Task statement
Write out the lines below once more, exactly as they appear. Do not include pictures.

Data provided
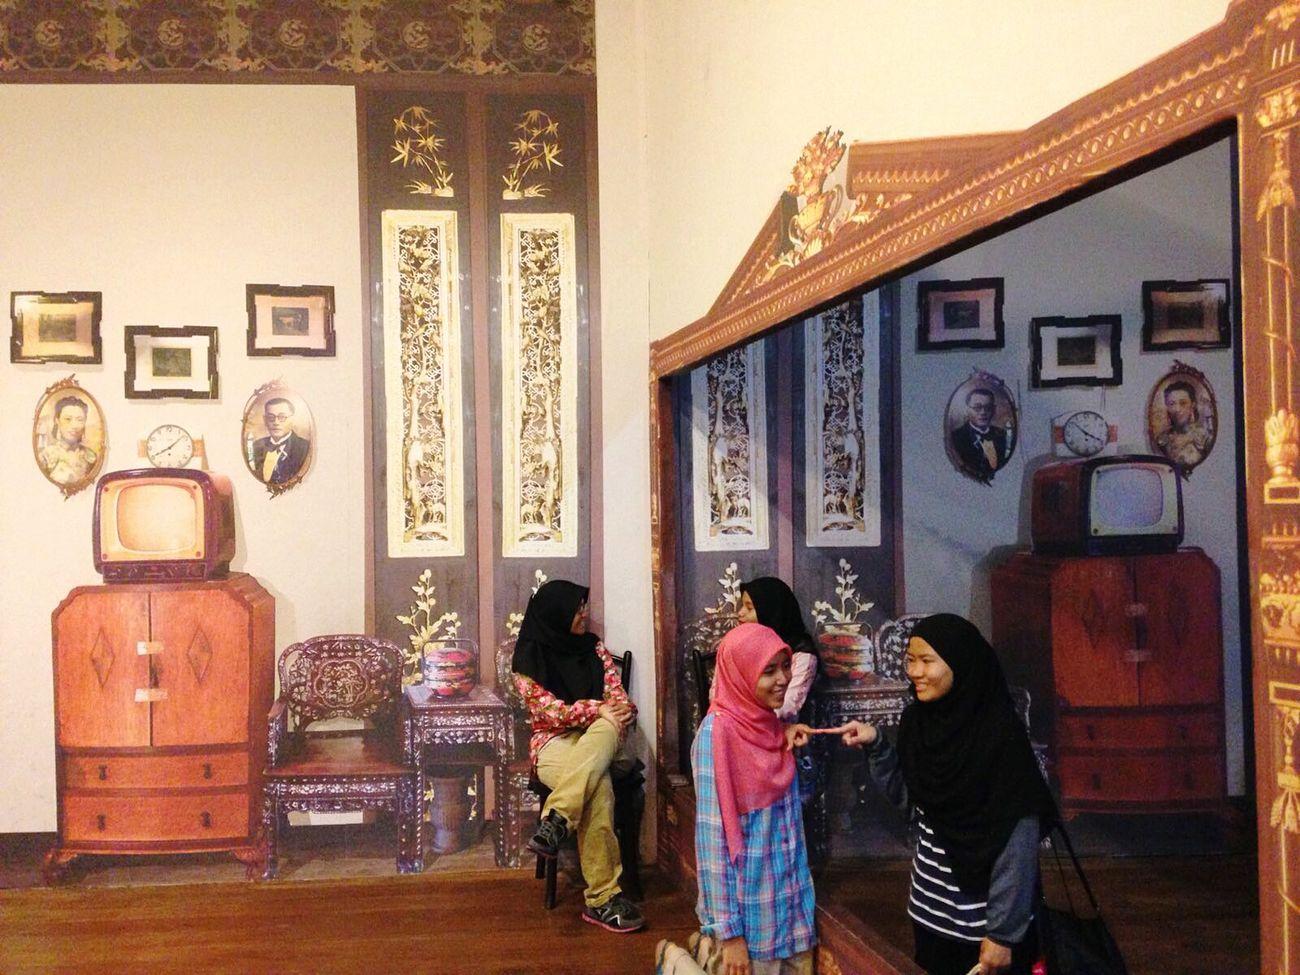 Penang Street Art 🙋🏼 Malaysia Truly Asia Penang Malaysia Penangstreetart Oneofakind Oneofthebest Awesomeart Memories ❤
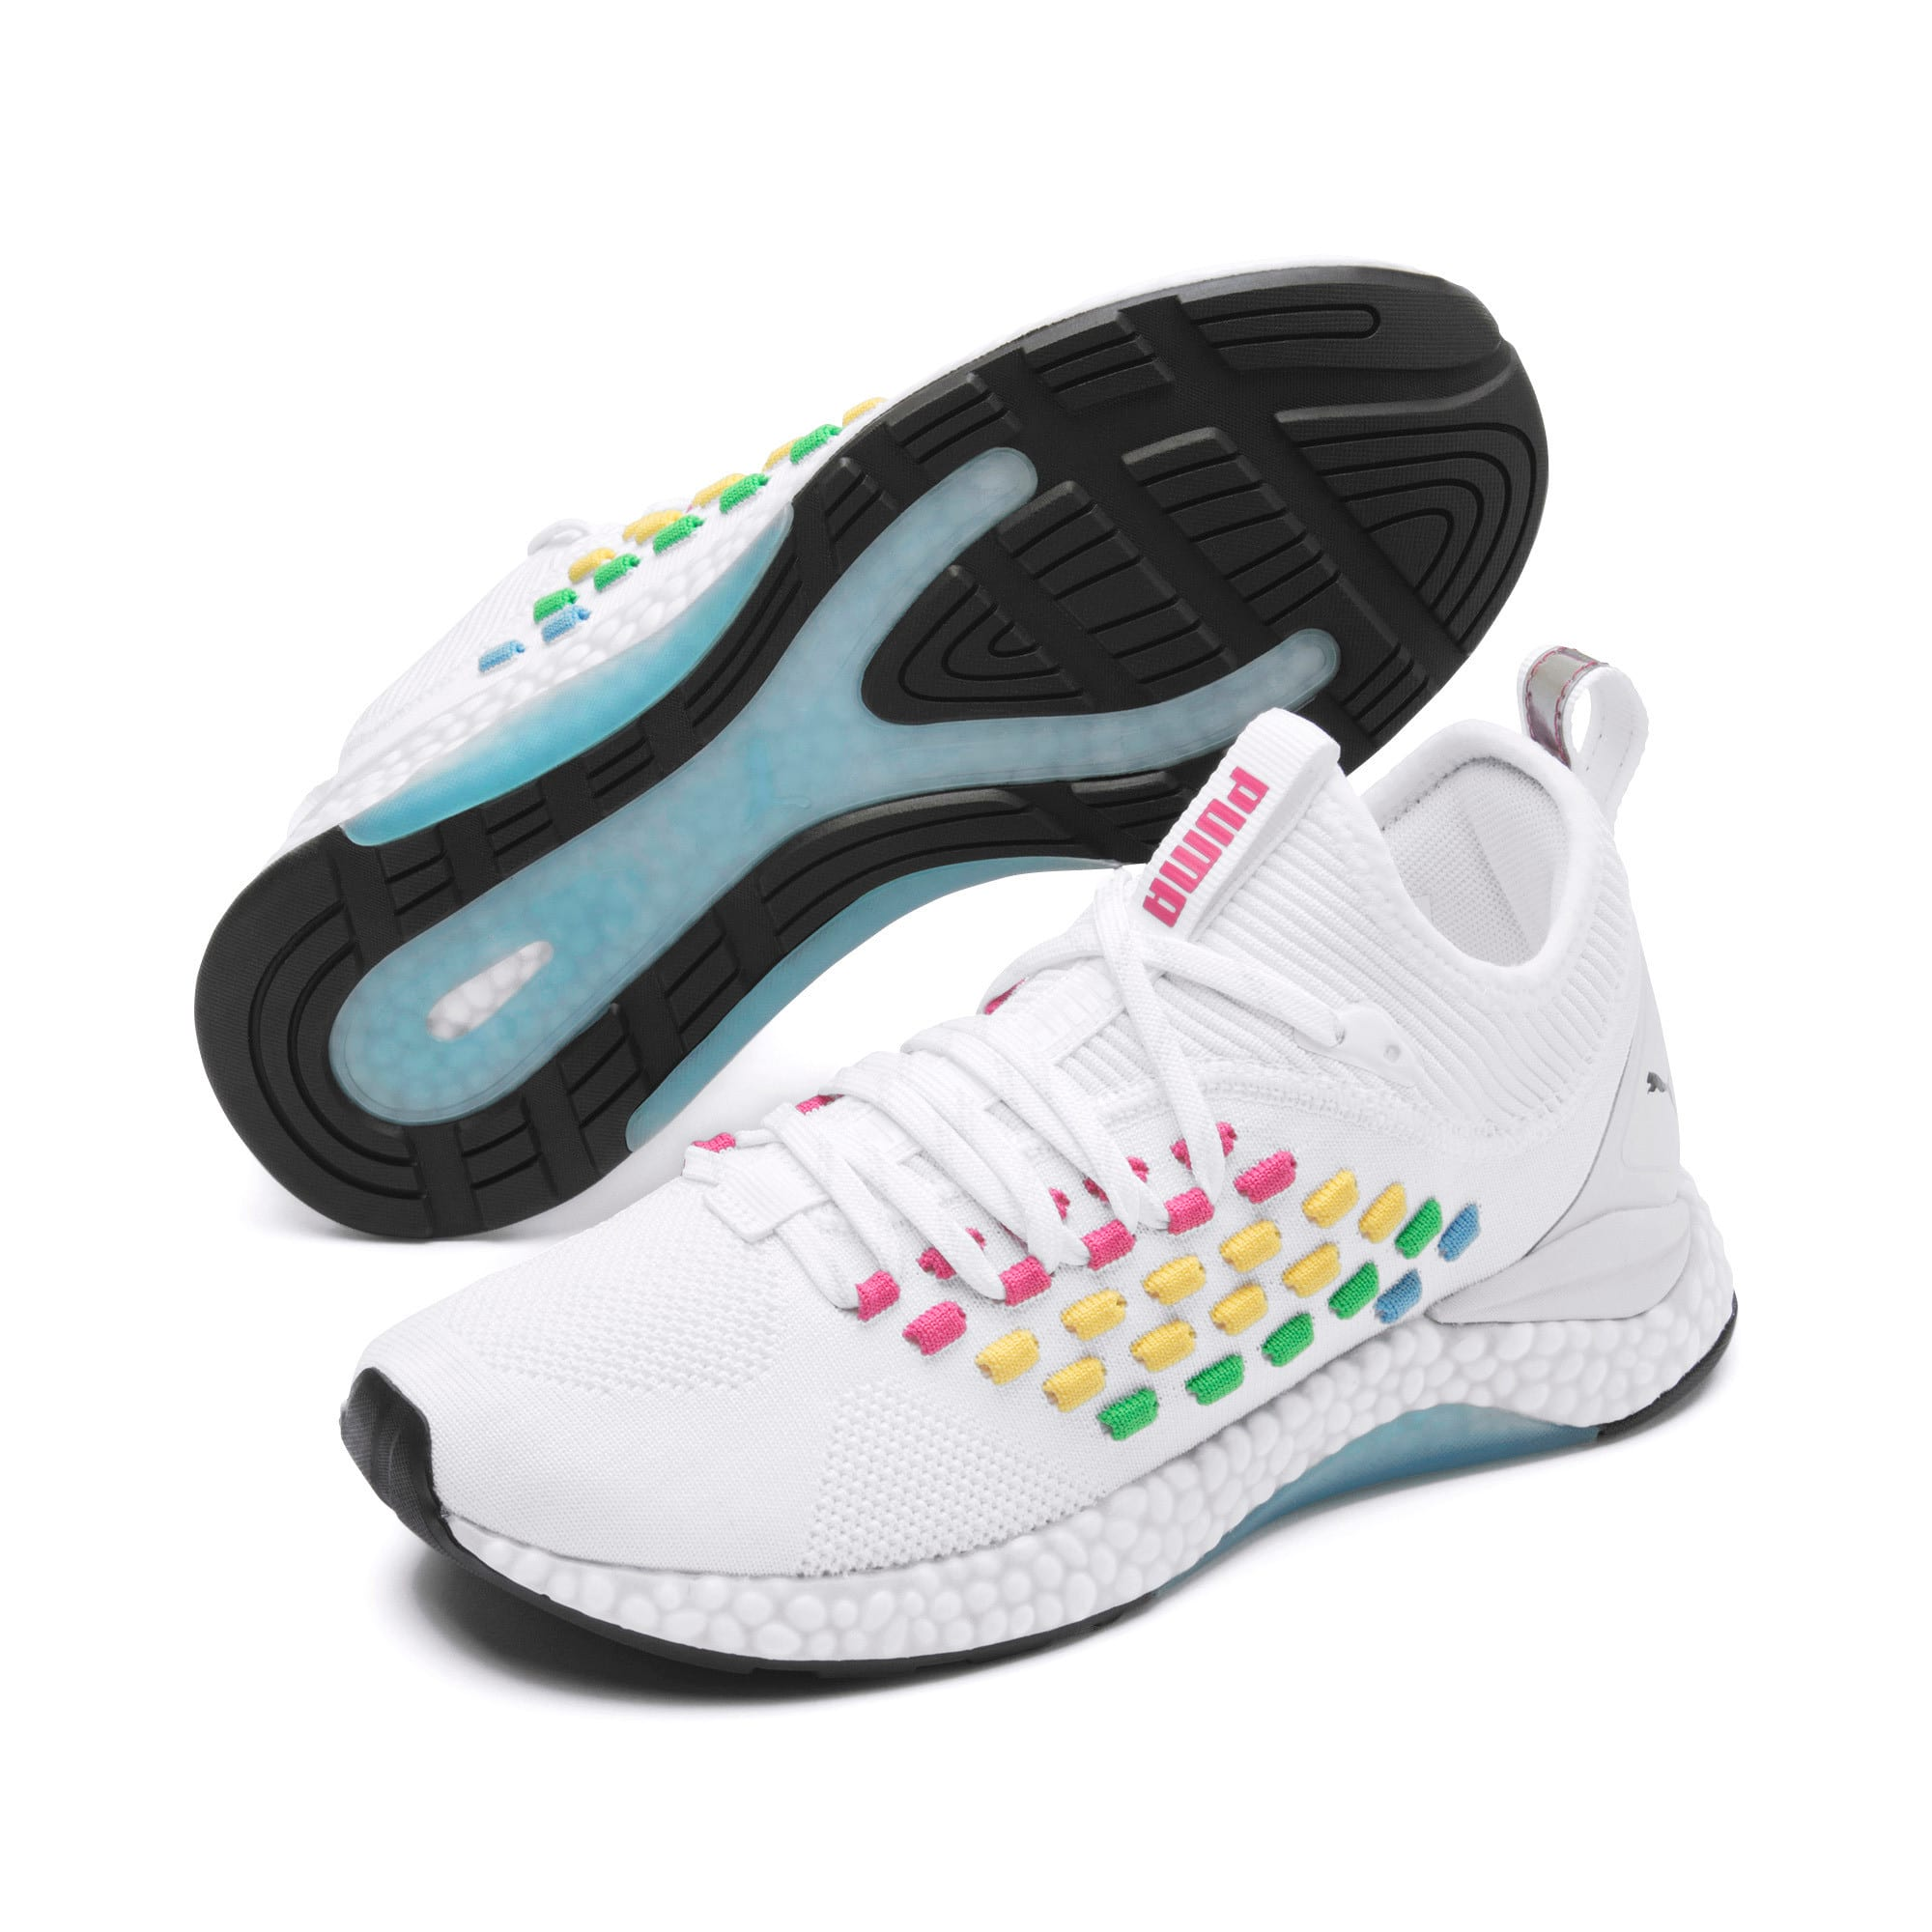 Thumbnail 2 of FUSEFIT HEATMAP Women's Running Shoes, Puma White-Glacier Gray, medium
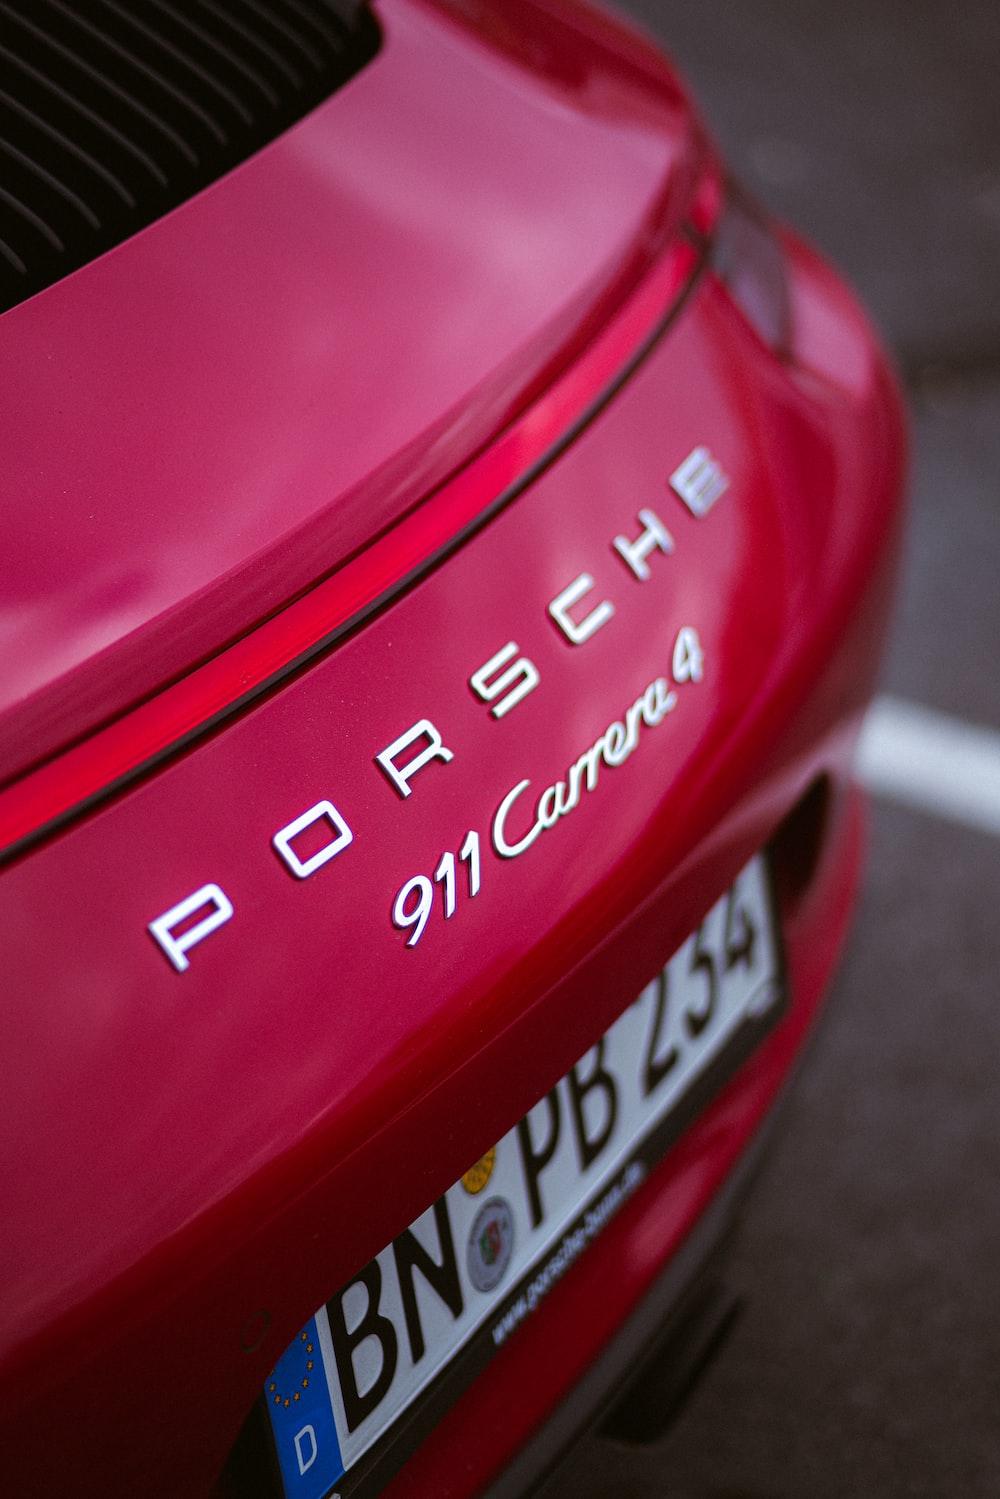 shallow focus photo of red Porsche 911 Carrera 4

The answer
 Penang Street Art 🙋🏼 Malaysia Truly Asia Penang Malaysia Penangstreetart Oneofakind Oneofthebest Awesomeart Memories ❤
 Thumbnail 2 of FUSEFIT HEATMAP Women's Running Shoes, Puma White-Glacier Gray, medium
 shallow focus photo of red Porsche 911 Carrera 4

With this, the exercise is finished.